Exercise aim
I'd like an exact copy of only the lines from the start of the listing below through the line that holds "rechts bestellbar, Bettkasten, und". Please keep the pictures out.

Data shown
- - - - -
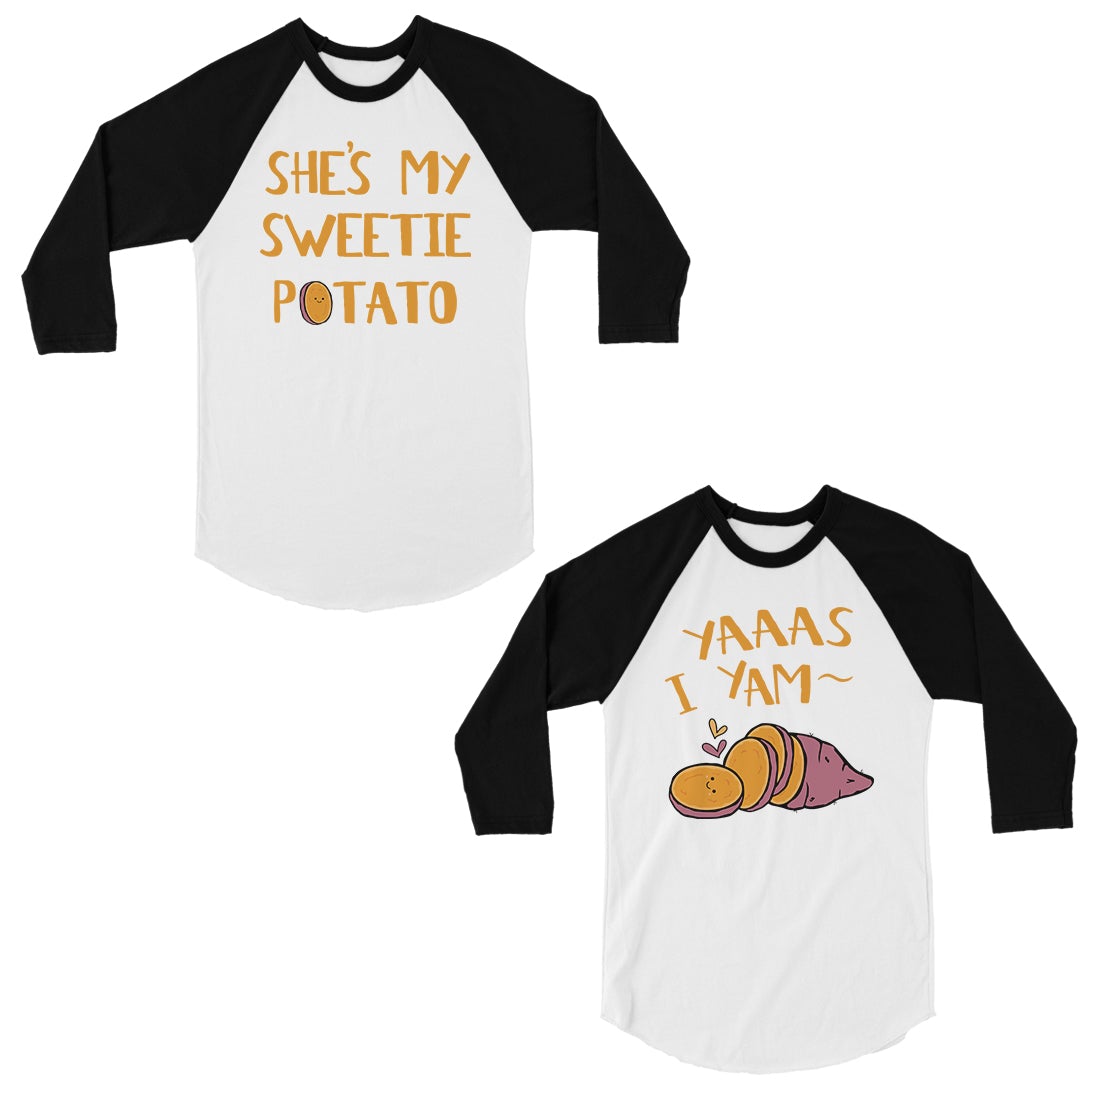 Sweet Potato Yam Funny Matching Baseball Shirts Cute Couples Gift Black and White
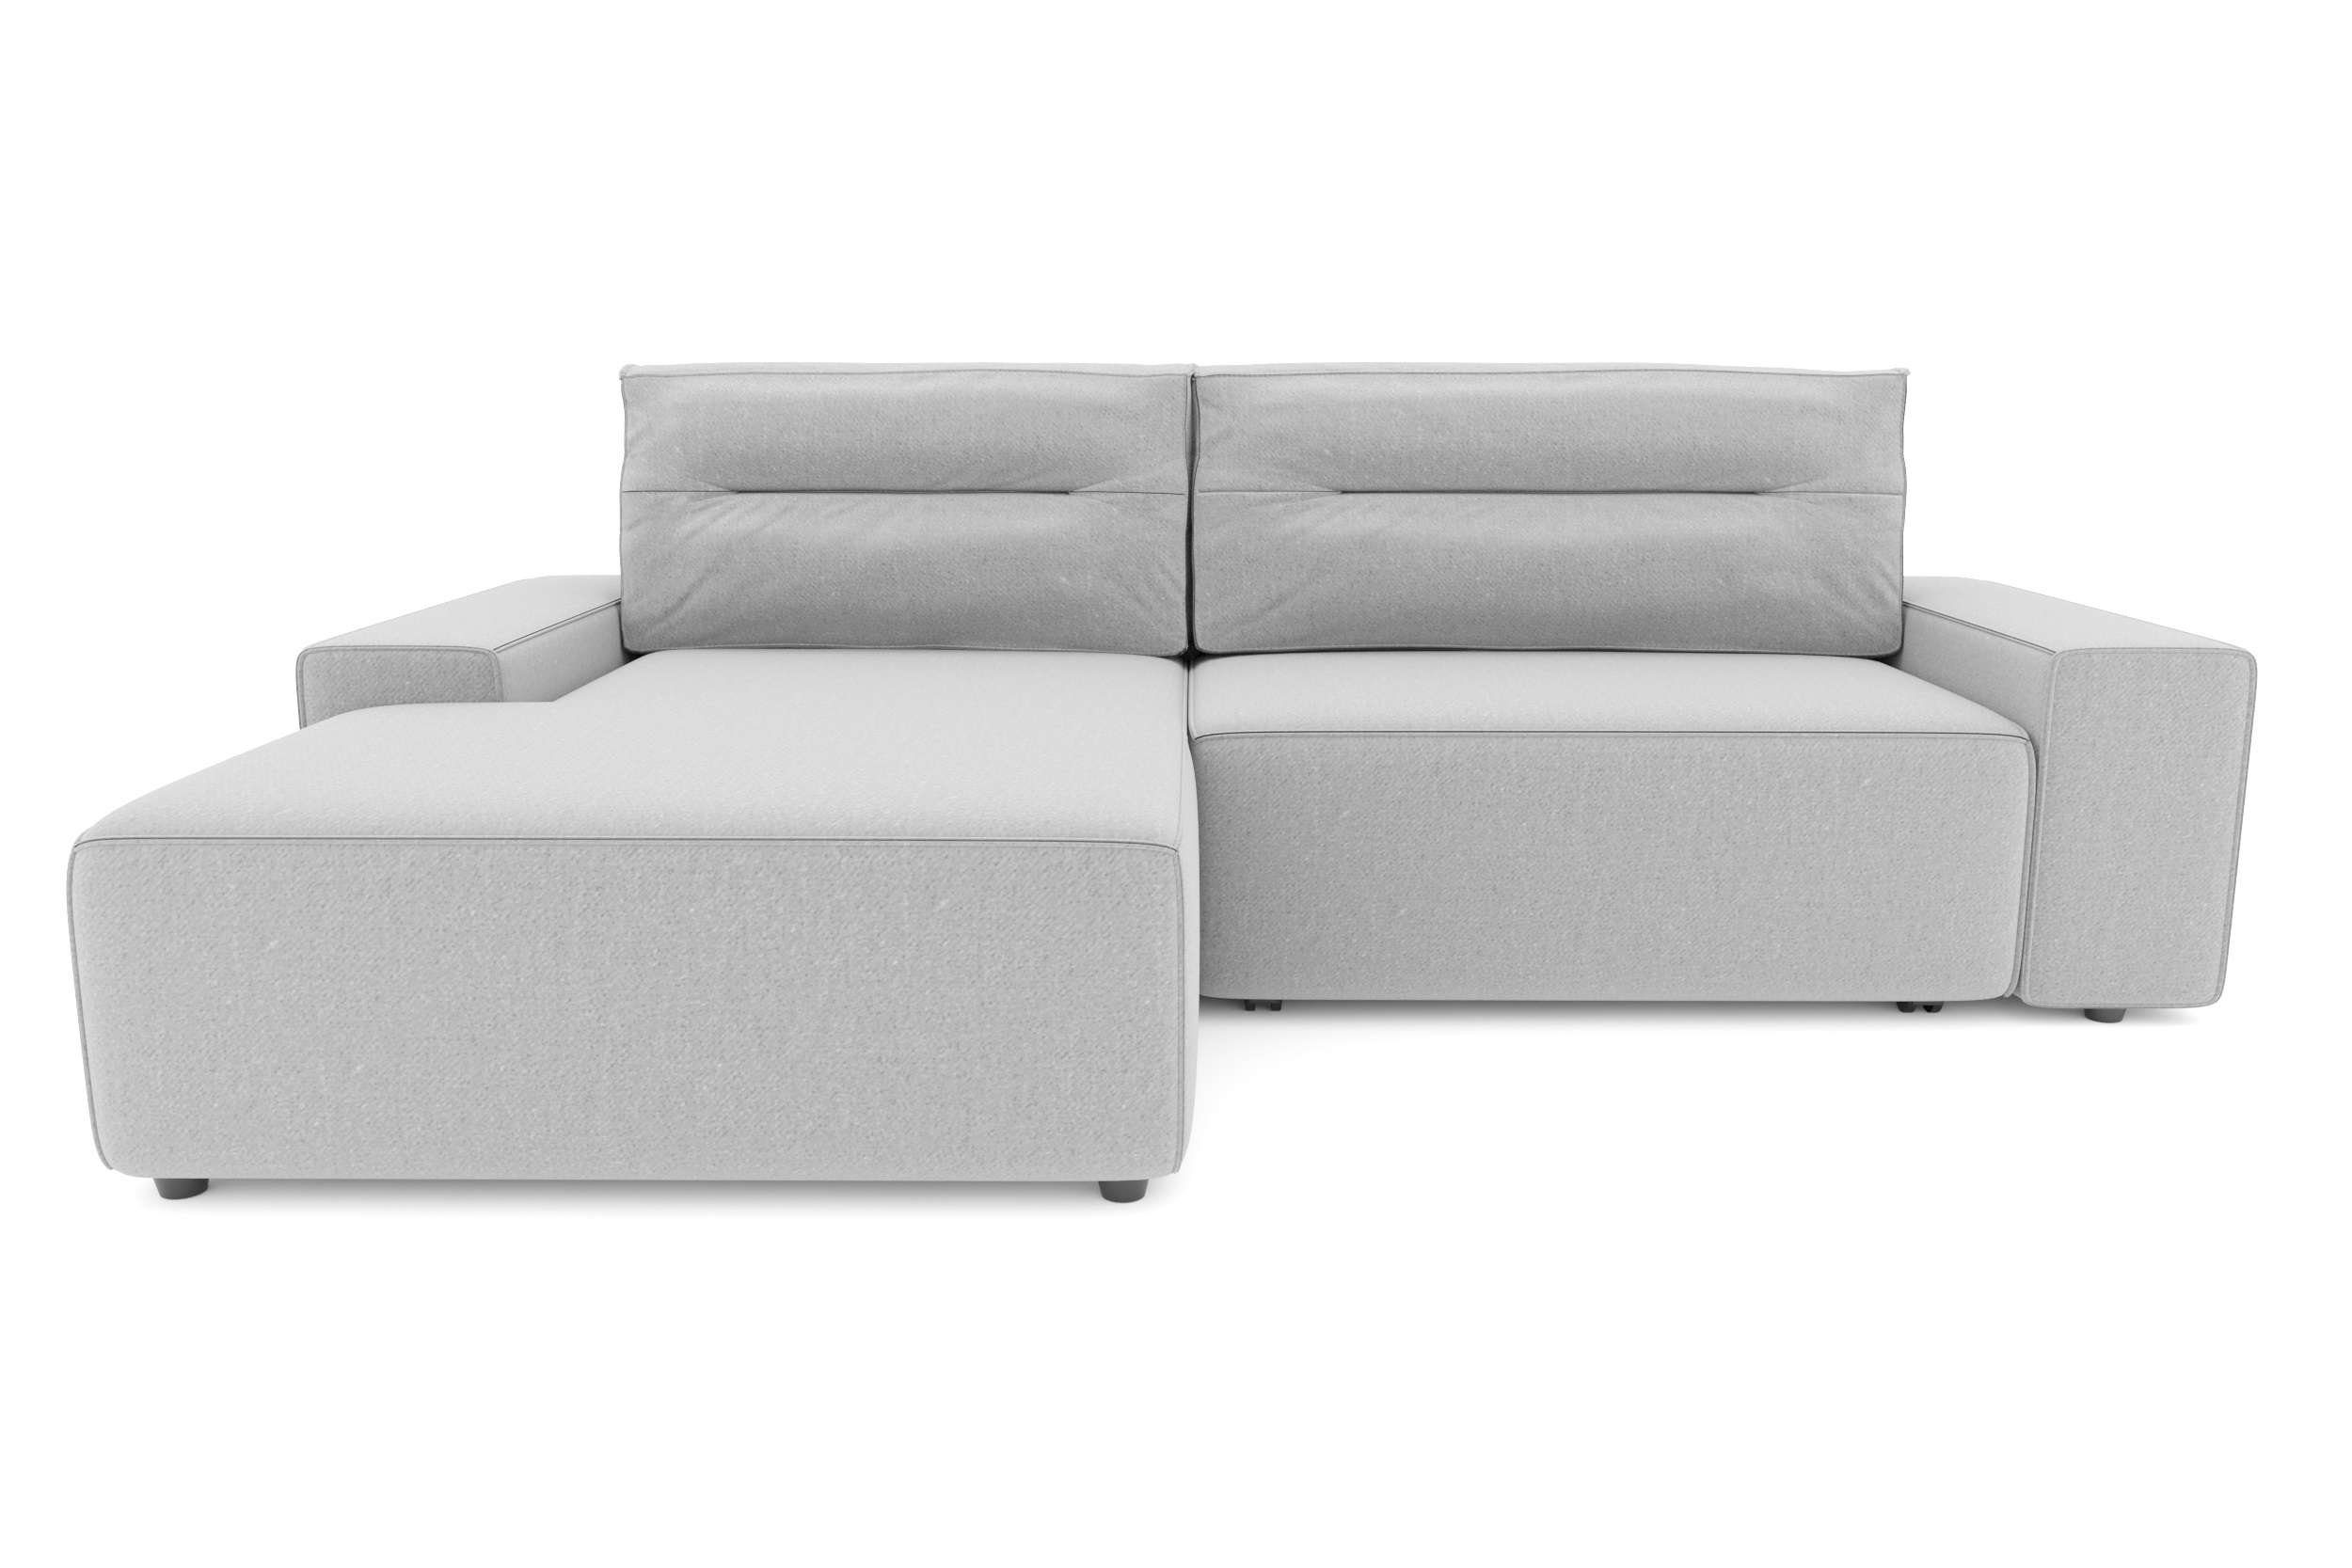 rechts bestellbar, Bettkasten, und Modern L-Form, links wahlweise Emanuel, Design oder Ecksofa Stylefy mit Bettfunktion Eckcouch, mane
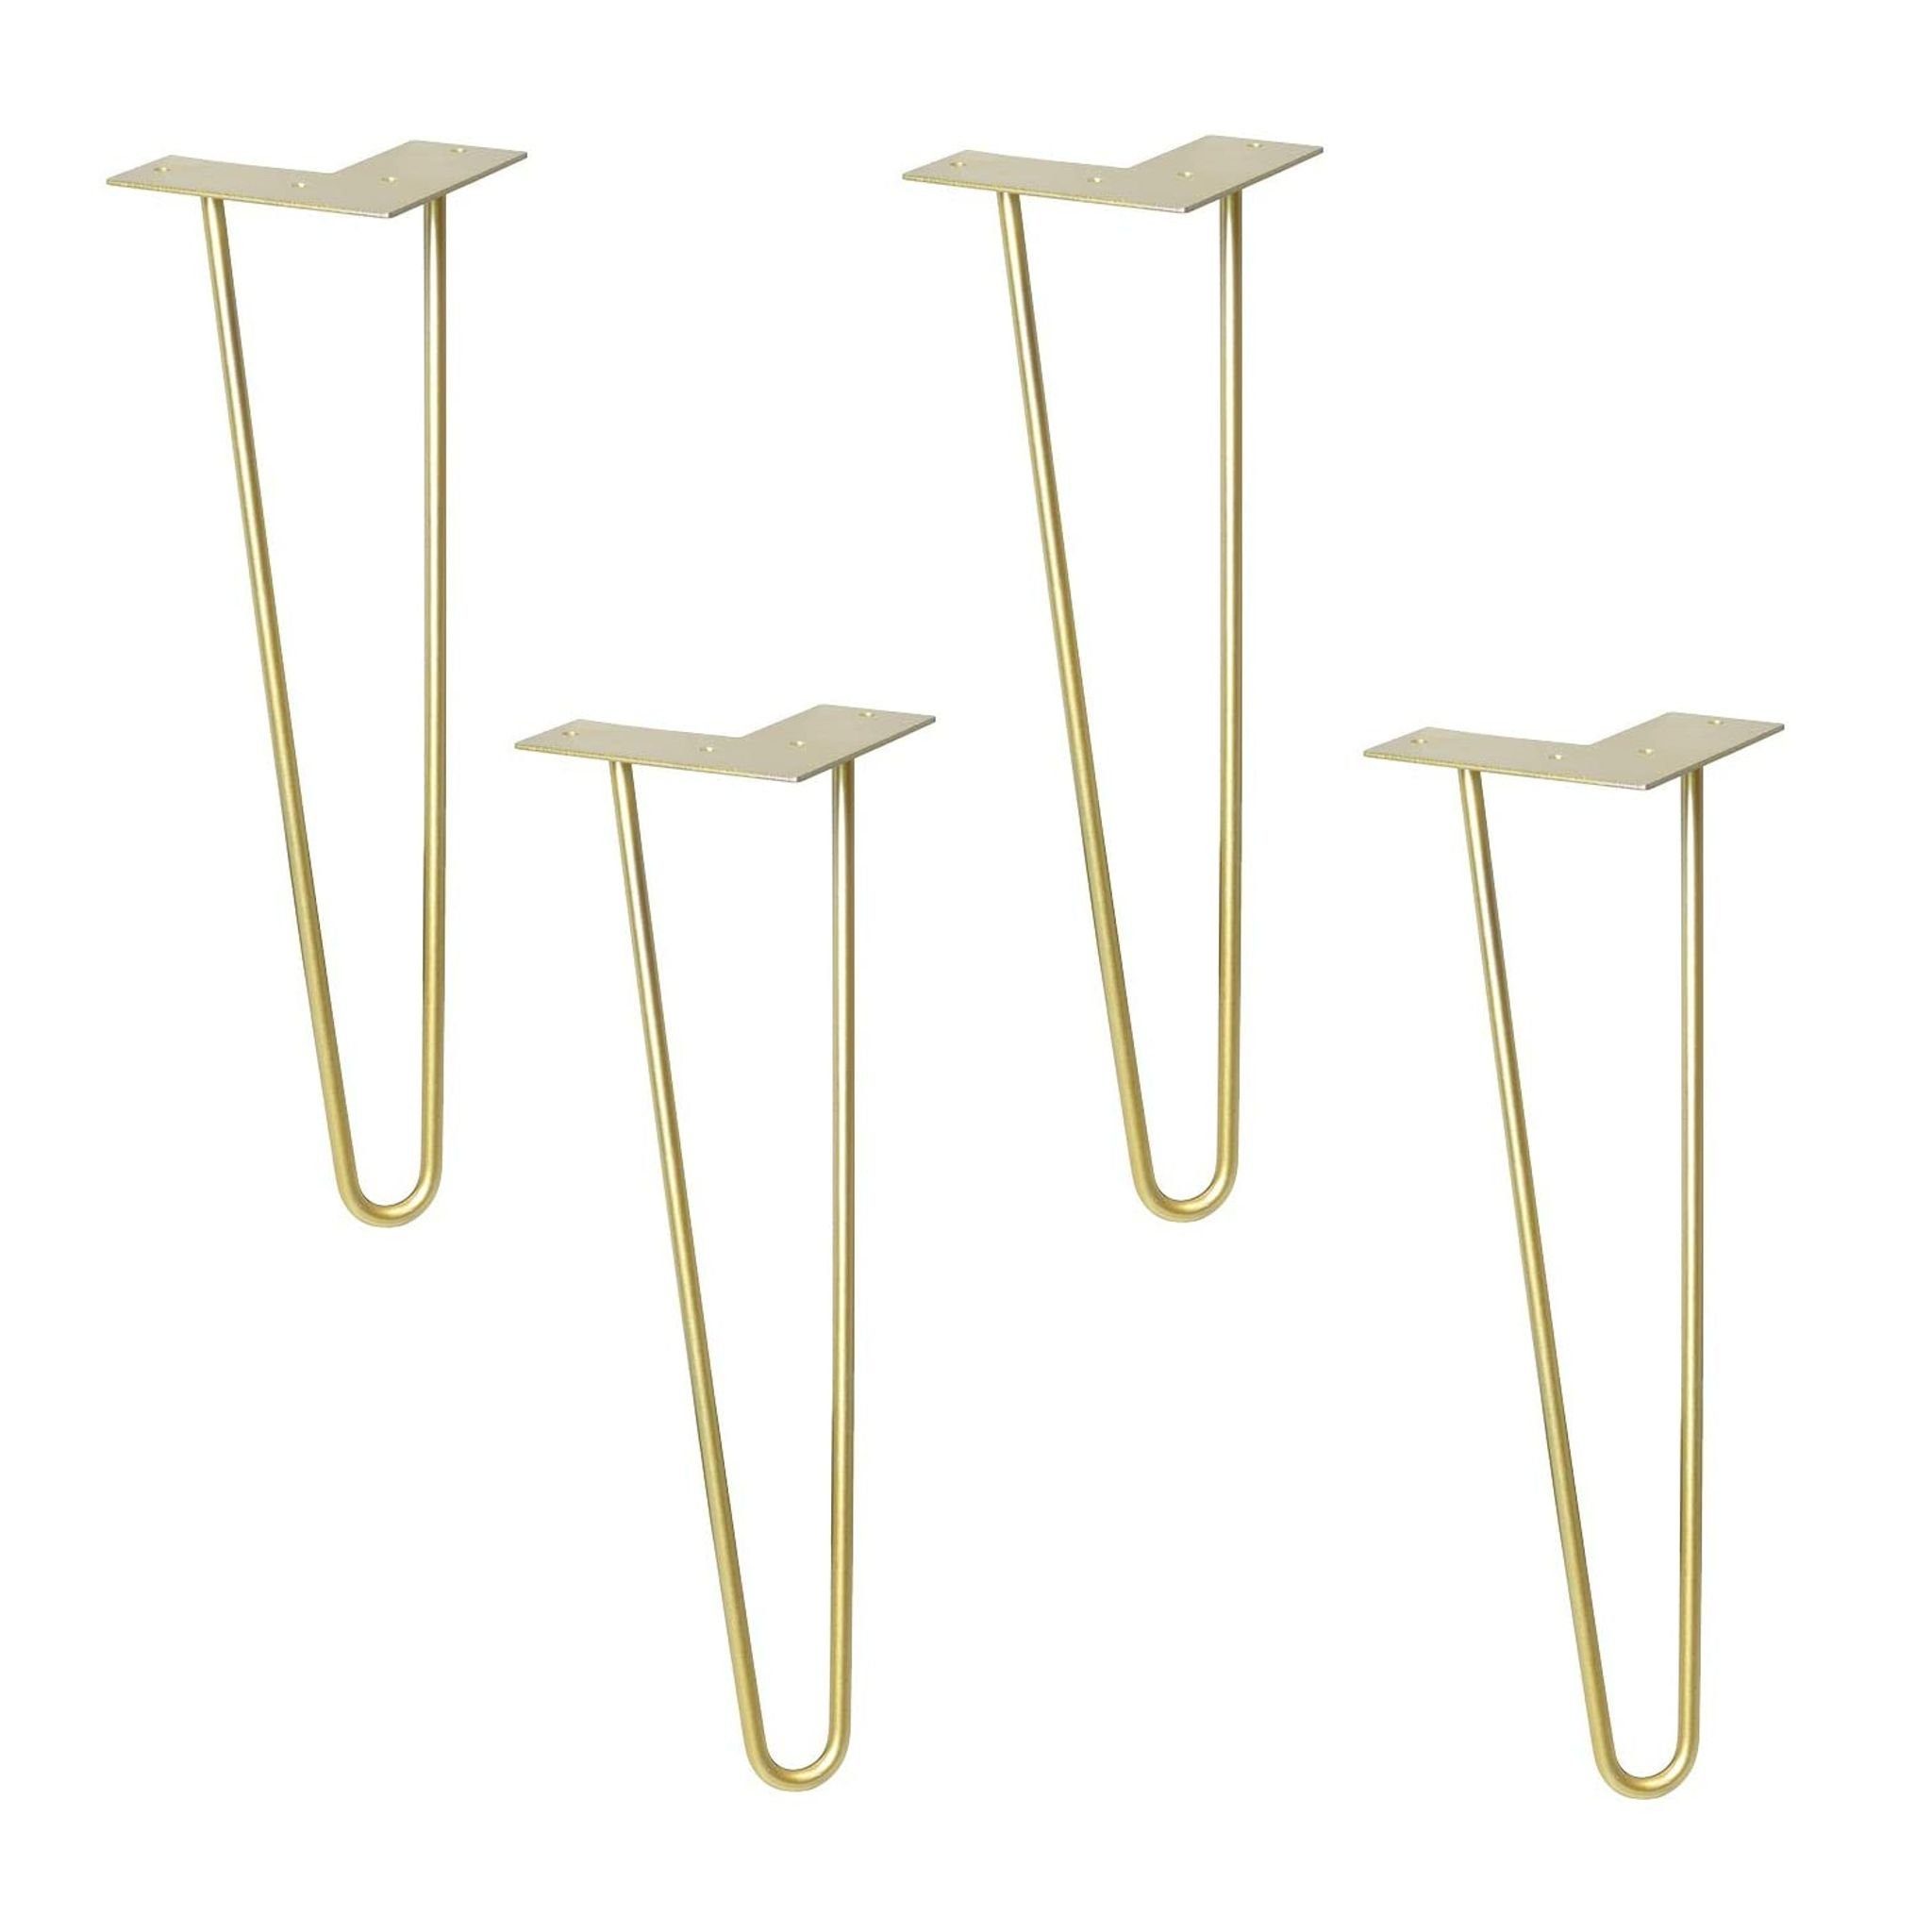 WAGNER design yourself Möbelfuß Möbelbein/Tischbein - HAIRPIN LEGS 4er Set - Retro Style - 12 x 12 x 40 cm in diversen Farben, Bein konisch/schräg verlaufend, mit integrierter Anschraubplatte gold
- - - - -
Task solution
 Sweet Potato Yam Funny Matching Baseball Shirts Cute Couples Gift Black and White
 rechts bestellbar, Bettkasten, und Modern L-Form, links wahlweise Emanuel, Design oder Ecksofa Stylefy mit Bettfunktion Eckcouch, mane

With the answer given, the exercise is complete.